Texas: In February, 2005, the State Bar of Texas suspended criminal defense attorney Ron Mock, 58, for 35 months because Mock took $4,600 from a client to handle her sexual harassment case and did not tell her he had no experience in such cases. The case was quickly dismissed when Mock failed to respond to a preliminary motion. The Bar has reprimanded Mocked twice in the past ten years and placed him on probation three times. Mock is best known as the lawyer with the most clients on Texass death row. Between 1986 and 2001 he represented 19 capital defendants, of whom 16 were given the death penalty and 10 of whom have already been executed. Defense attorney Brian Wice, who represented one of Mocks former clients observed: For so many of the people whom Ron was appointed to represent, their death warrant was signed when the ink was dry on the appointment form. Mock stopped representing death penalty defendants when minimum competency standards were imposed in 2001.

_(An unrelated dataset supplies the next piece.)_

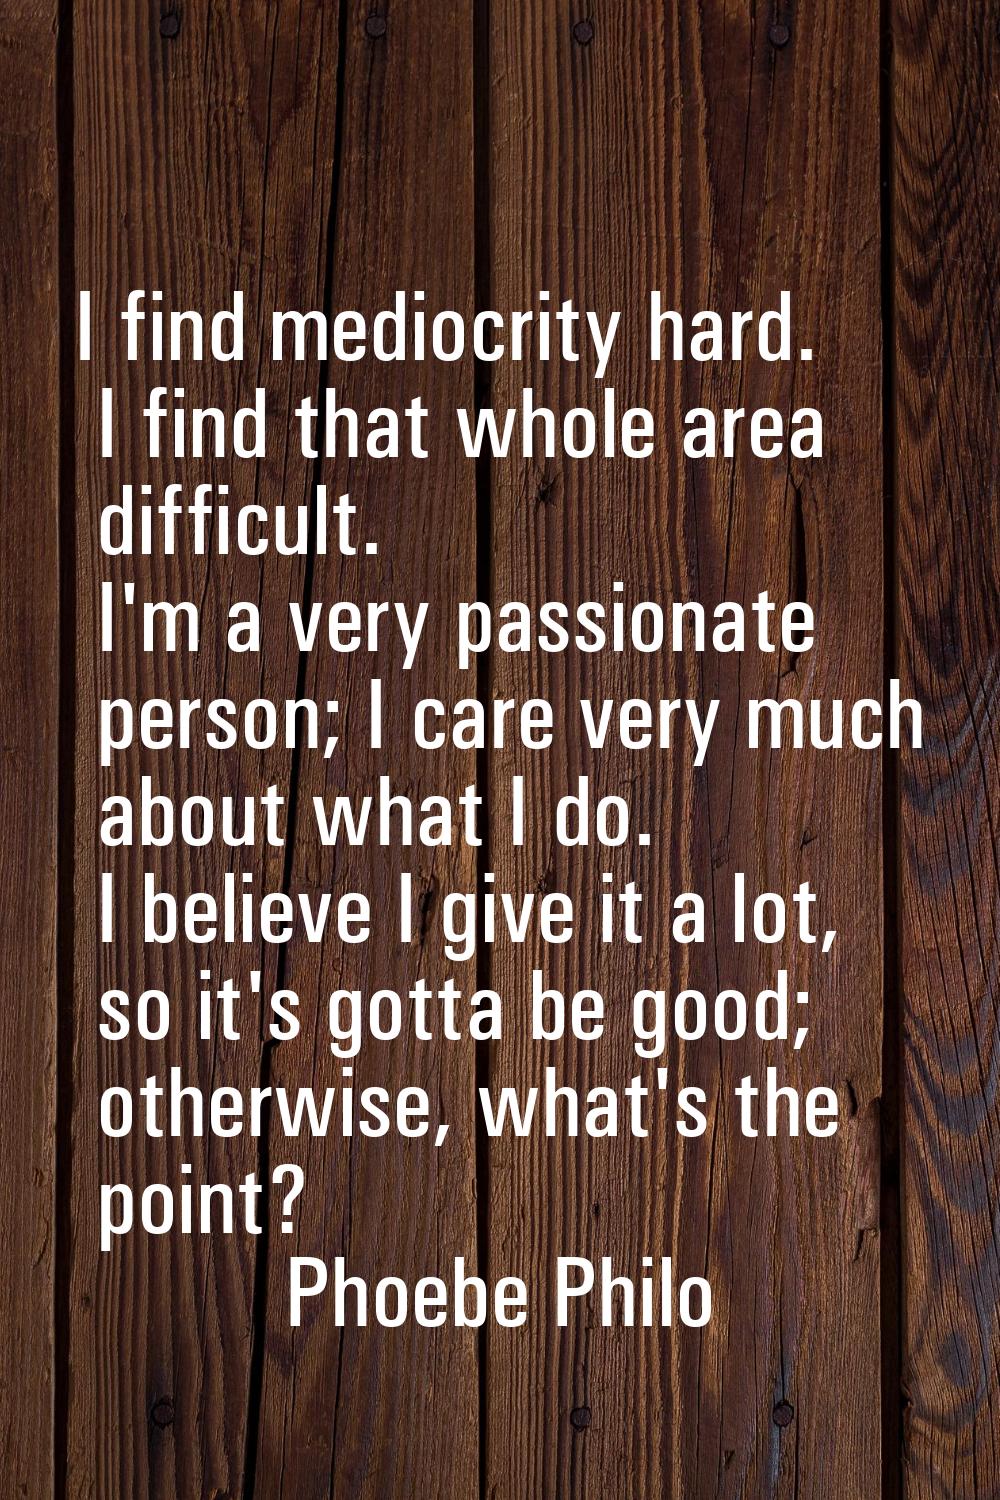 I find mediocrity hard. I find that whole area difficult. I'm a very passionate person; I care very

Texas: On March 14, 2006, Curtis Hinson, 27, a guard at the Stiles Unit in Beaumont, was arrested at an inland border checkpoint and discovered to have 21 pounds of marijuana concealed in the tire of his truck. He was off duty but wearing his Texas Department of Criminal Justice uniform when arrested in a vehicle registered to Cheryl Arterburn, the wife of former Texas prisoner Charles Arterburn, who had been released from prison and was found dead in a field near Houston the month before.